Advanced Software Talent - South San Francisco, CA
posted 2 months ago
As the Delivery Lead, you will be the driving force behind building and maintaining robust site reliability engineering (SRE) functions for our growing data organization. This role is pivotal in ensuring smooth operations and high availability of our data infrastructure and services. You will act as the primary point of contact for all SRE-related activities, which requires a blend of technical expertise, project management skills, and a passion for data-driven solutions.

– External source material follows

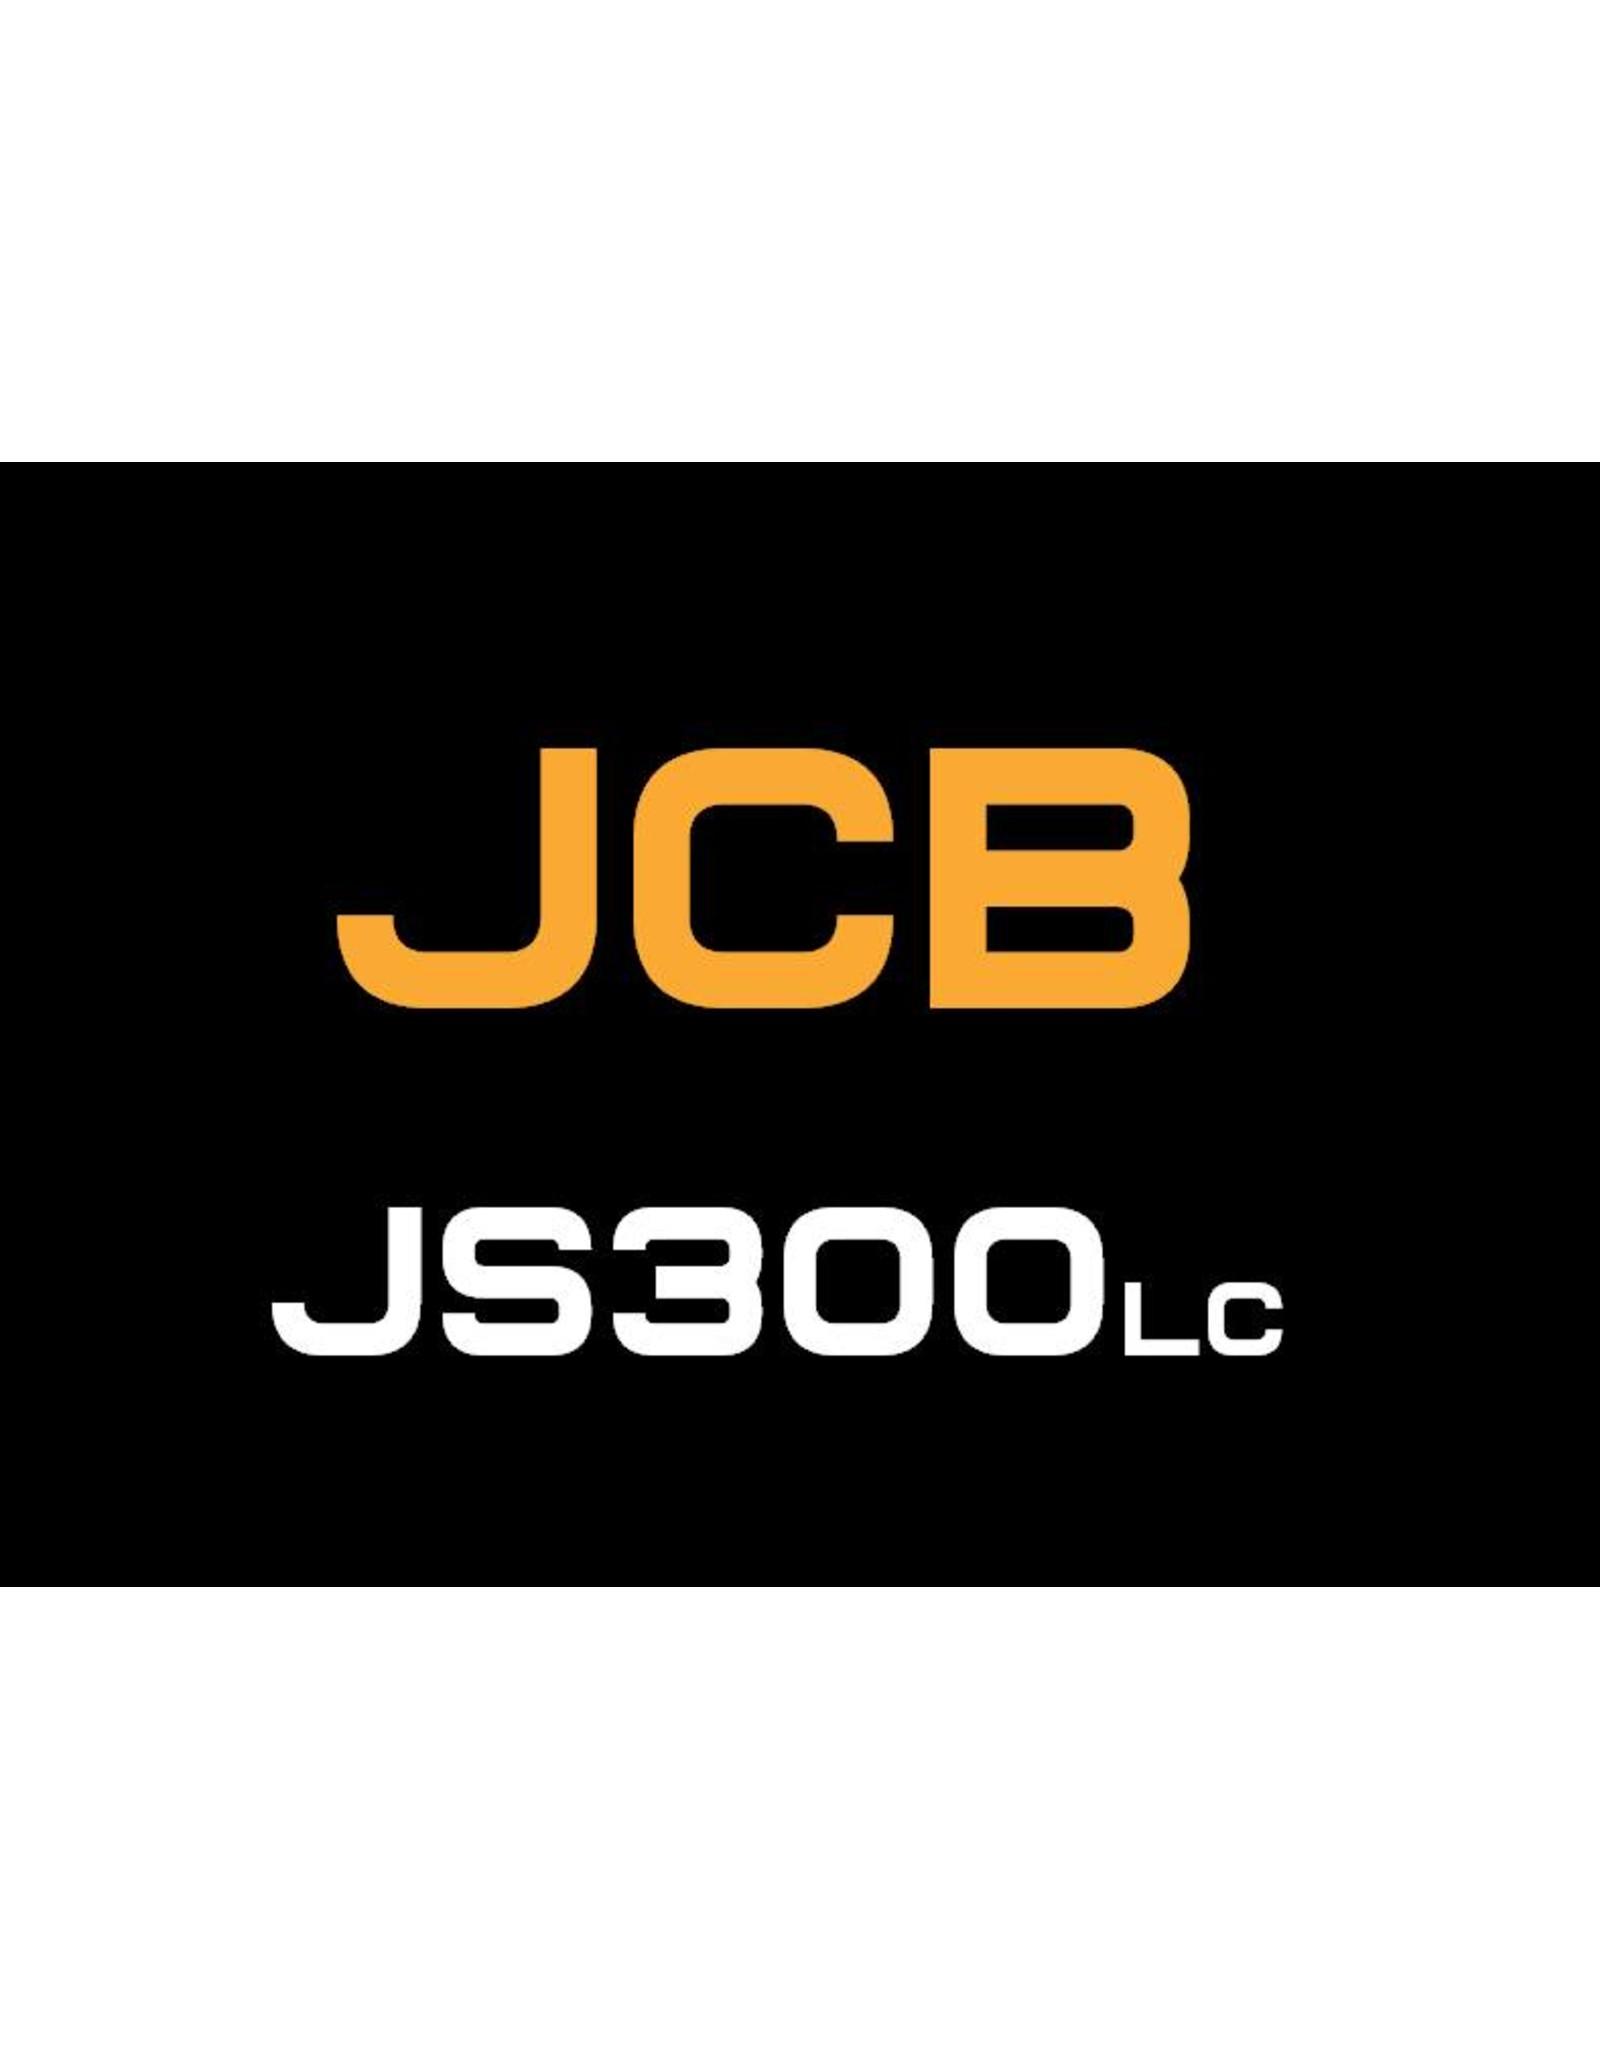 Echle Hartstahl GmbH FOPS for JCB JS300LC

Your leadership will be essential in developing comprehensive support and SRE processes from the ground up, ensuring that our systems are not only functional but also optimized for performance and reliability. In this position, you will collaborate closely with data engineers, scientists, and IT teams to ensure seamless integration and optimal performance of data systems. You will own the incident management process, which includes responding to incidents, troubleshooting issues, and resolving them efficiently to minimize downtime and impact on data operations. Establishing proactive monitoring and alerting mechanisms will be a key responsibility, allowing you to identify and address potential issues before they escalate into significant problems. Your role will also involve continuous performance tuning of our systems to meet the evolving needs of the data organization. You will drive automation initiatives aimed at streamlining support workflows and improving overall efficiency. Additionally, maintaining thorough documentation of processes, procedures, and system configurations will be crucial to ensure clarity and consistency across the team.